The drive to develop new technologies is relentless and is embracing more actors, both state and non-state, all of whom are presented with lower entry requirements.20Whilst Freedman acknowledges technology as the main agent of change in warfare, he is quick to point out that its influence has invariably been shaped by the political context at the time.21For all of technology’s seductiveness, it does not operate in a vacuum. McMaster believes that those who believe technology will make the ‘next war’ fundamentally different to the previous one are neglecting its political and human dimensions. They are also rather conveniently forgetting that wars are invariably fought against determined and elusive opponents who will seek to adapt and overcome.22Insurgents operating in conjested cities in Iraq to counter coalition air power or swarms of light attack craft in the congested seas of the Middle East are recent examples. Over 100 years ago, the French Navy’s ‘Jeune Ecole’ movement espoused the use of emerging technology in the shape of torpedoes and torpedo boats to overcome more powerful enemy capital ships.23Who is to say that other emerging technologies will not blunt or even erase the threat of hypersonic weapons?
Politicians and indeed the military both focus on new technologies and concepts that promise fast, cheap and efficient victories. Look no further than Pearl Harbour, Baghdad 2003 or the Schlieffen Plan to witness the appeal of the short war where a decisive knock-out blow is the silver bullet to anyone charged with taking the military initiative.24McMaster also believes the Revolution in Military Affairs and Shock and Awe tactics are further examples of what he calls a ‘Vampire Fallacy’ where the lure of a rapid and decisive victory is a difficult concept to kill off and it keep on re-appearing. Hypersonic weapons will also have to compete against and could be potentially neutralised by other disruptive technologies such as big data analytics, robotics, directed energy and artificial intelligence that the US National Defence Strategy considers areas that must be mastered to ‘fight and win the wars of the future’.25If technology cannot be relied upon to deliver as advertised, predicting the future muddies the water further. Only six years ago, the then Major General McMaster admitted “We have a perfect record in predicting future wars…and that record is zero percent.”26
The imminent arrival of hypersonic weapons would appear to herald another step change in technology’s ability to influence the level of security between states and alliances. The HGV’s ability to marry rapid and perhaps unstoppable global reach with a nuclear warhead will no doubt cause major powers to re-think the validity of nuclear deterrence. At the operational level, the relative accessibility of HCMs may well allow either major powers to enhance their A2AD programmes of lesser powers to flex their political aspirations in areas of the world already experiencing varying degrees of tension. Those who worship at the altar of technology may well have found their promised land – as long as, of course, the other disruptive technologies also bursting onto the scene, do not blunt or even negate the seductive lure of hypersonic weapons. Stepping away out of the technological arena for a moment, a common thread that weaves its way around the complexity of any new weapon system or strategy is man’s ability to adapt.

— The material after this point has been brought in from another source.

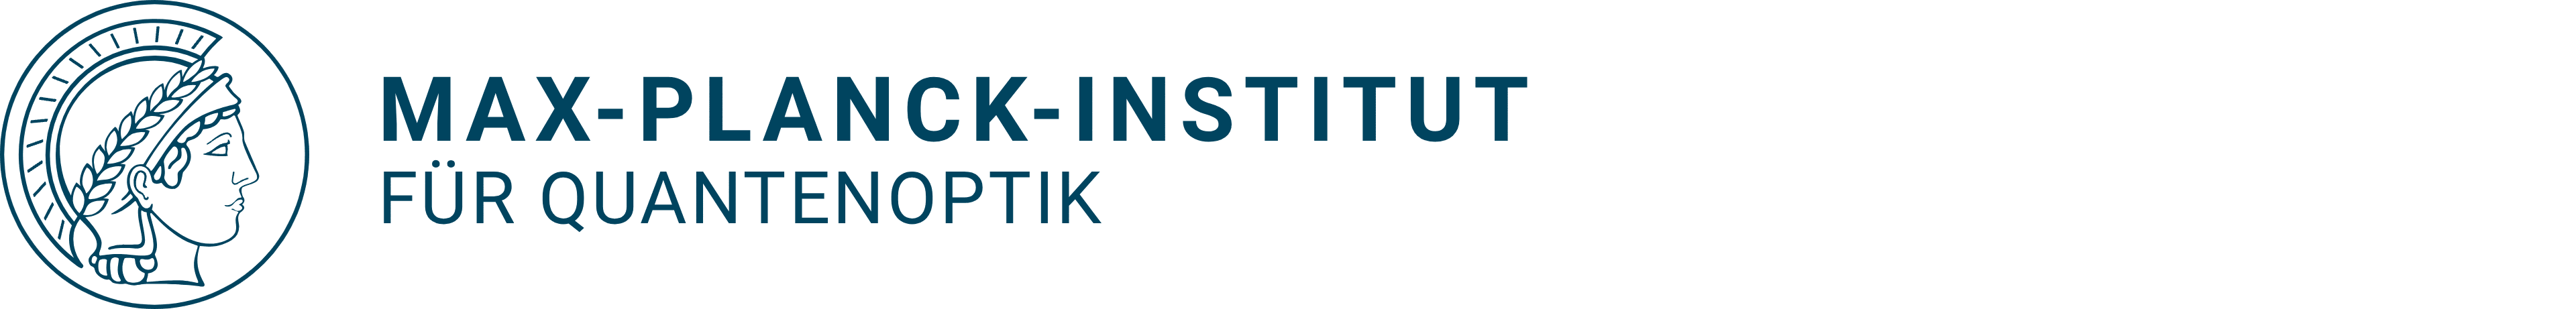 Max-Planck-Institut für Quantenoptik logo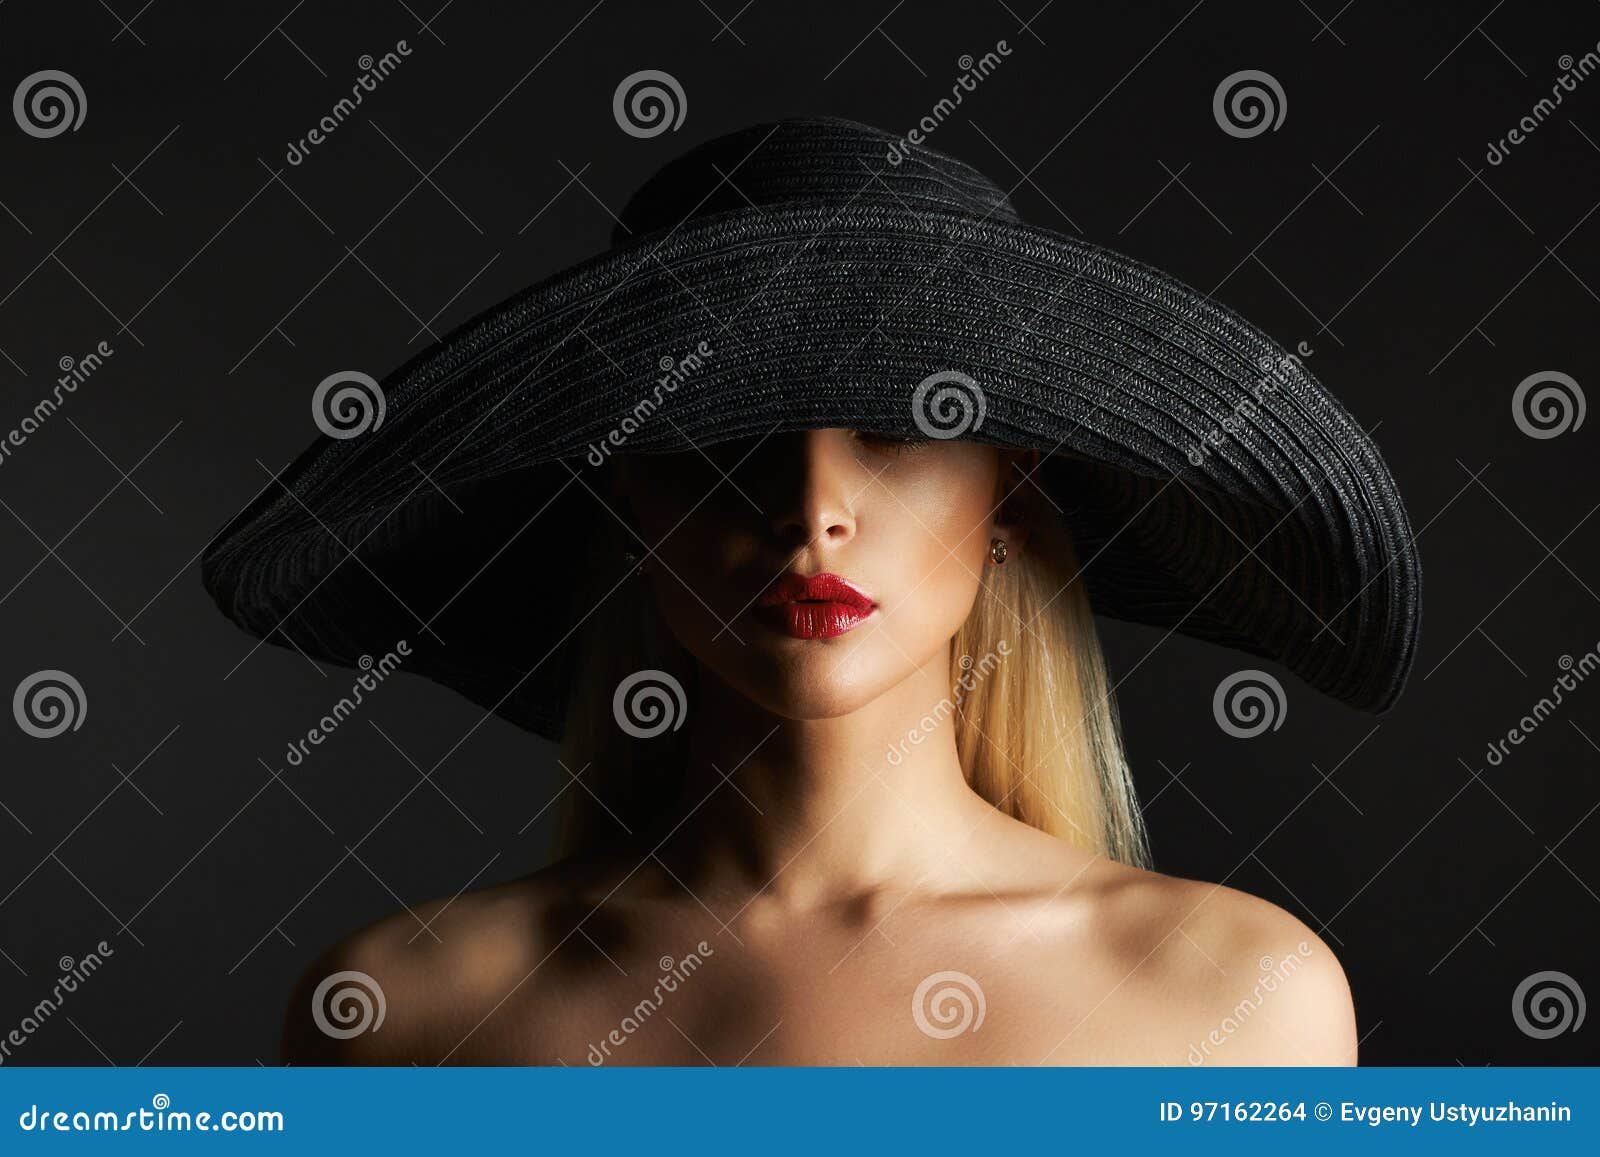 udobnost, izazov - Page 16 Fashion-beauty-blonde-girl-hat-beautiful-young-woman-97162264

The world has been here before. Although the speed and manoeuvrability of hypersonic weapons would suggest they may well be about to bring McMaster’s vampire back to life, they cannot be considered in isolation. It is not the ability of hypersonic weapons to win the next war that will decrease stability between nations and alliances, it is their false promise of a quick and bloodless victory that has the potential to prove fatal to commanders and politicians alike. History would suggest that their allure will be blunted by the constraints and conditions that this new type of weapon find itself operating in. Hypersonic weapons are not a zero-sum game, as history has shown us – it is more complicated than that.